連載特集 全8回「旅するギタリスト」村治 佳織さんの音楽とめぐる情熱のスペイン

インタビューに答える村治佳織さん

#ギターと私、ときどき旅

Muraji Kaori

治 佳織

profile

世界的クラシック・ギタリスト。10歳から日本ギター界の第一人者・福田進一氏に師事し、15歳でCD デビュー。高校卒業後、フランス・パリへの音楽留学を経て、ソロ活動を開始した。2025年にゲーム音楽に向き合った新境地のニューアルバム「エターナル・ファンタジー」をリリース。各地で意欲的にリサイタルを開催しつつ、CM、テレビなど各メディアでも幅広く活躍している。

国内はもとより海外での演奏経験が豊富なうえ、
プライベートでも旅好きだという村治佳織さん。
中でも、特別な思い入れがあるスペイン各都市の思い出を
語っていただきます。

スペイン代表サッカーチームの優勝パレードに集まる人々
▲スペイン代表サッカーチームの
優勝パレードにて。

敬愛する作曲家との絆が息づく 村治佳織の第二の故郷

そもそも現代のクラシック・ギターはスペイン発祥で、今も伝統芸能であるフラメンコに欠かせない楽器としても知られています。村治さんが深くスペインとつながるきっかけとなったのが、この国の作曲家ホアキン・ロドリーゴさんの曲だったそう。「小学校高学年の時、その憂いのある旋律に惹かれ、スペインの歴史や文化などを通じて曲のイメージを膨らませました」

中学生の時、コンクールでロドリーゴさんの曲を演奏して優勝。パリ留学前にはロドリーゴさんの作品集である自身4枚目のアルバム『パストラル』をリリースしました。
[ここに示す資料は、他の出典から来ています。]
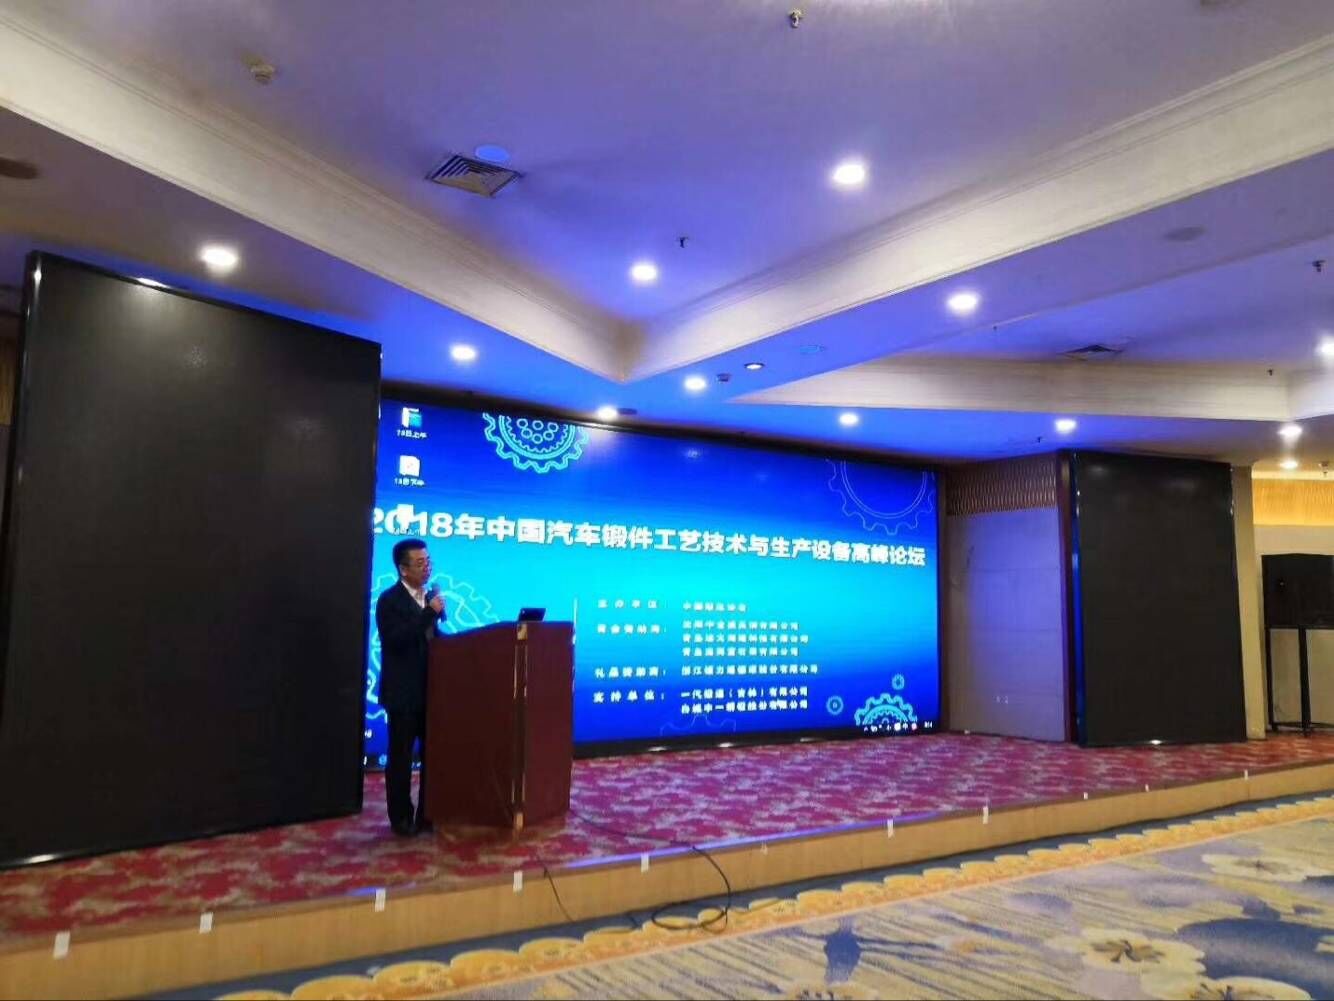 New Wichita participated in the 2018 China Automotive Forgings Technology and Production Equipment Summit forum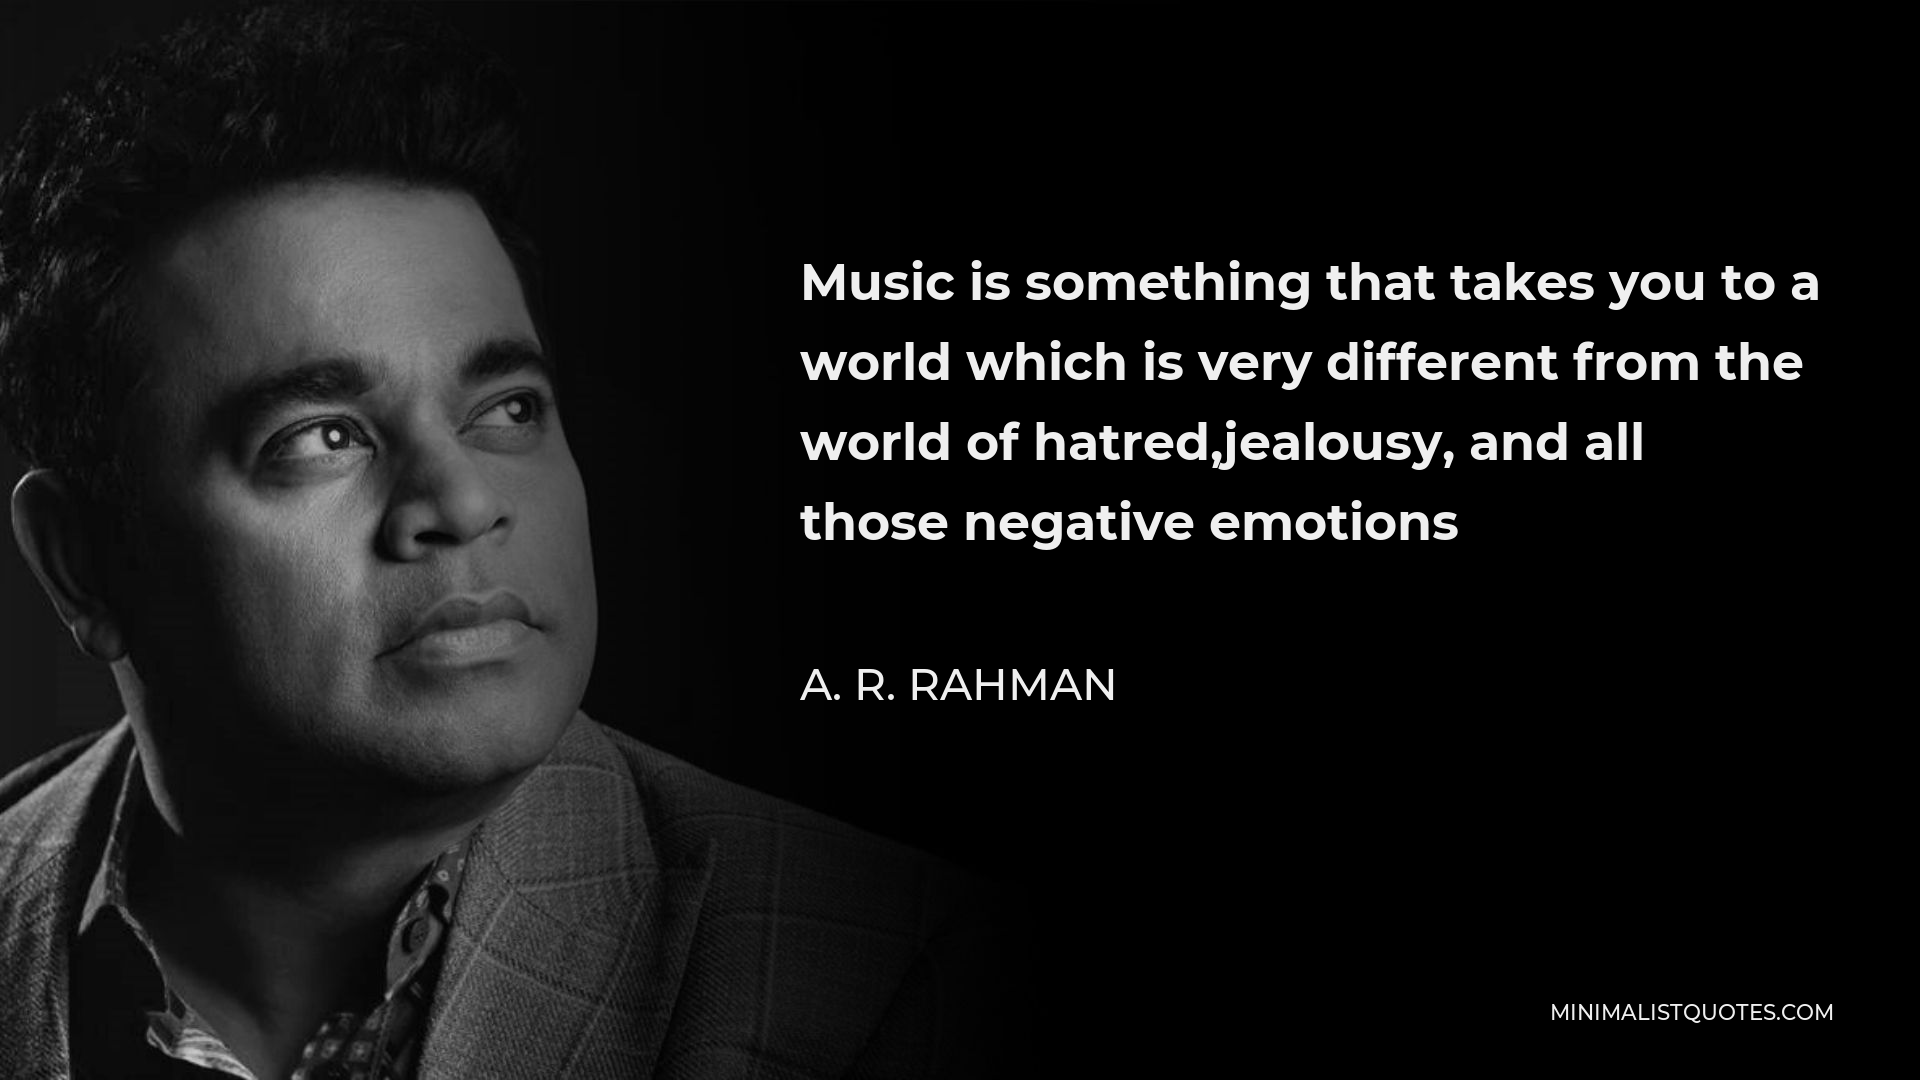 A. R. Rahman Quote - Music is something that takes you to a world which is very different from the world of hatred,jealousy, and all those negative emotions

「それまで、周りの大人の意見に従って一生懸命弾くことで精いっぱいだった私が、自分の思いや考えをより強く込めることができたのがこのアルバムです。

柱の陰から顔をのぞかせる村治佳織さん

ロドリーゴ氏のご自宅でギターを演奏する村治佳織さん
▲ロドリーゴ氏のご自宅にて。

物心つく前から私にとっては身近だったクラシック・ギターが、同級生や周囲の人には必ずしも馴染み深いものではないと感じ、『もっと知ってほしい、大好きなロドリーゴさんの曲をいろんな人に聞いてもらいたい』という思いで選曲・録音しました」このアルバムが結んだ縁でスペインを訪れてから20年以上。村治さんは、スペイン各地で多くの時間を過ごしてきました。「私はいわゆる"チャキチャキ"の東京・下町育ち。若い頃から、音楽留学で訪れたパリの鼻濁音が特徴的な柔らかいフランス語の響きより、タンタンタン! という小気味よいスペイン語のリズムのほうが性に合っていると感じていました」音楽家ならでは感性で、今では第二の故郷となったスペインとの相性のよさも感じているそうです。